Your objective:
Repeat every line of the data exactly, but not the pictures.

Data below:
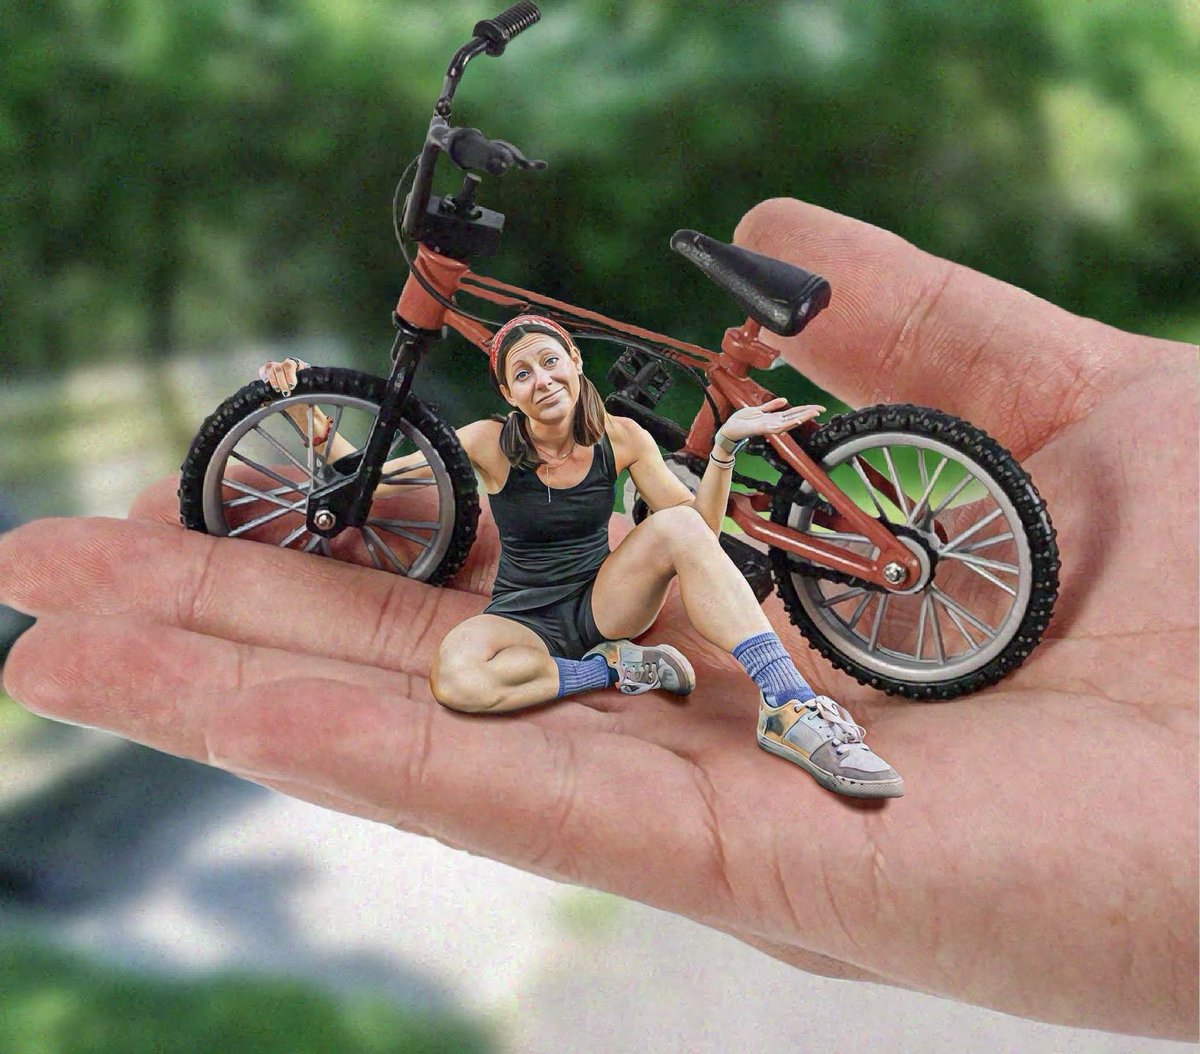 How do you one up from riding across America on a triplet tandem? Why you do it again at 1/12th scale! Though it does make interacting with people a bit more interesting…

#bicycle #stuartlittle #karaandnate #miniature #cute #pigtails
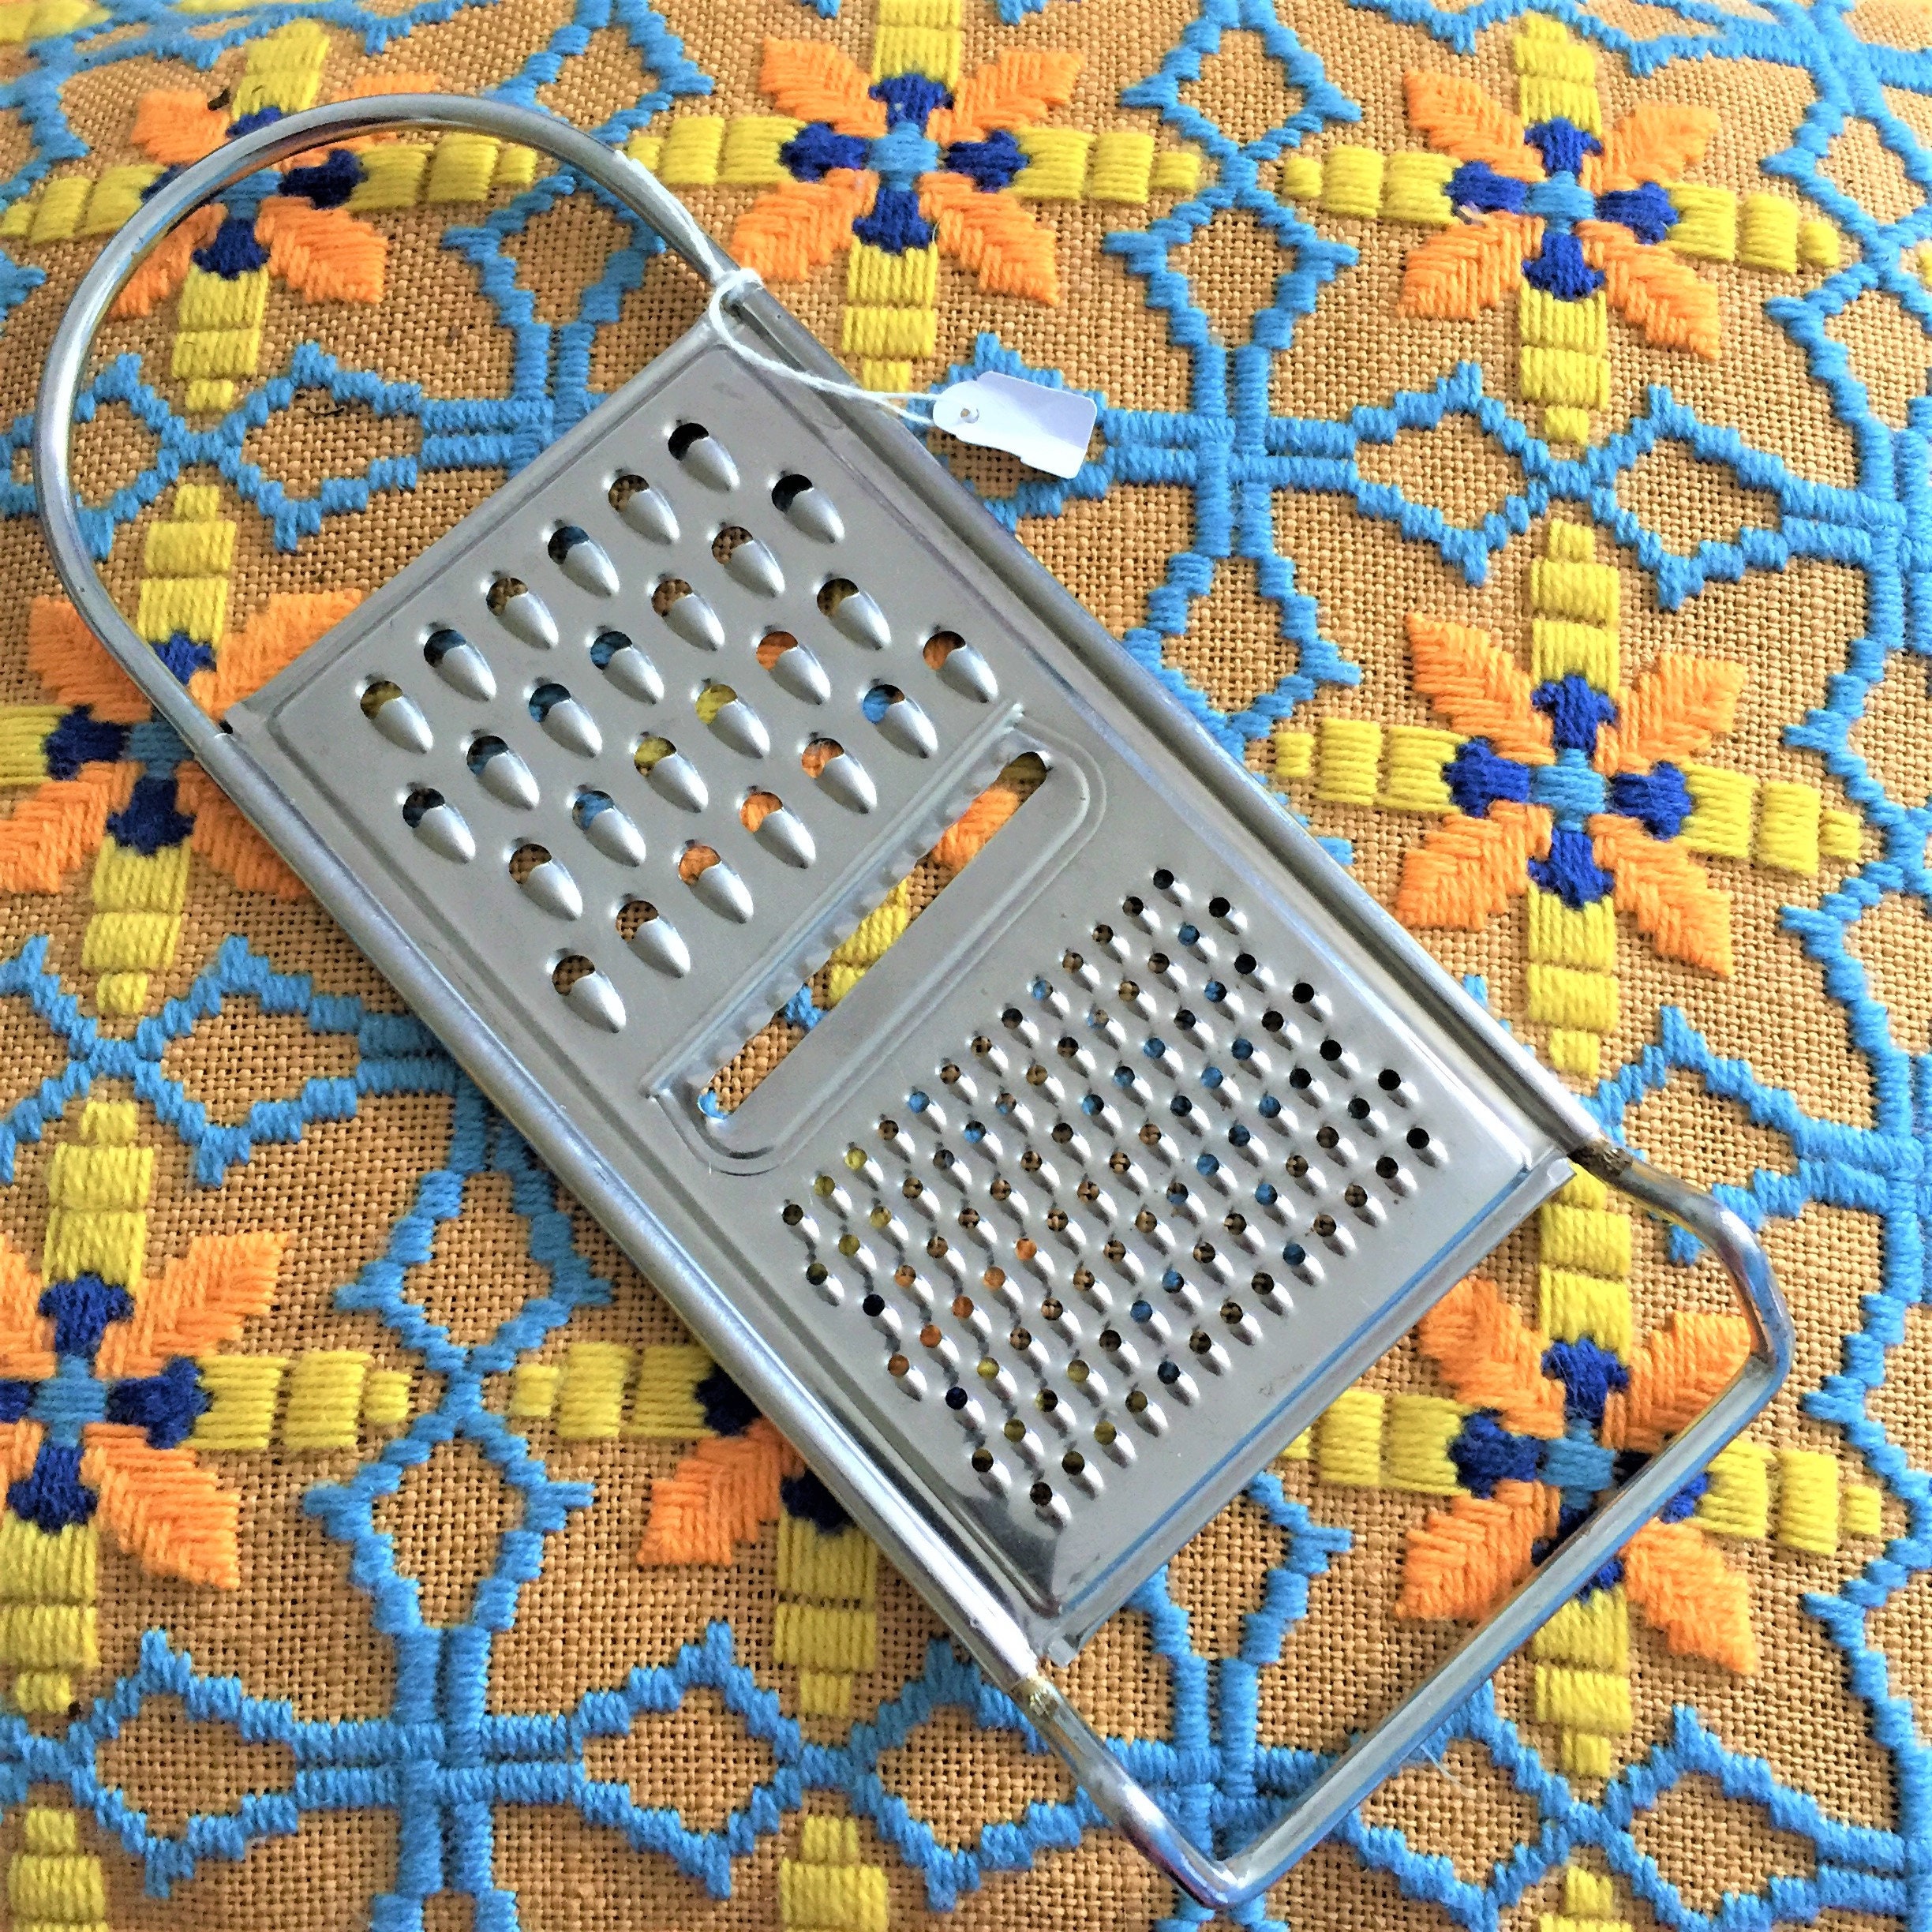 ZYLISS Original Cheese Grater - White, 1 EA

Task response:
 How do you one up from riding across America on a triplet tandem? Why you do it again at 1/12th scale! Though it does make interacting with people a bit more interesting…

#bicycle #stuartlittle #karaandnate #miniature #cute #pigtails
 ZYLISS Original Cheese Grater - White, 1 EA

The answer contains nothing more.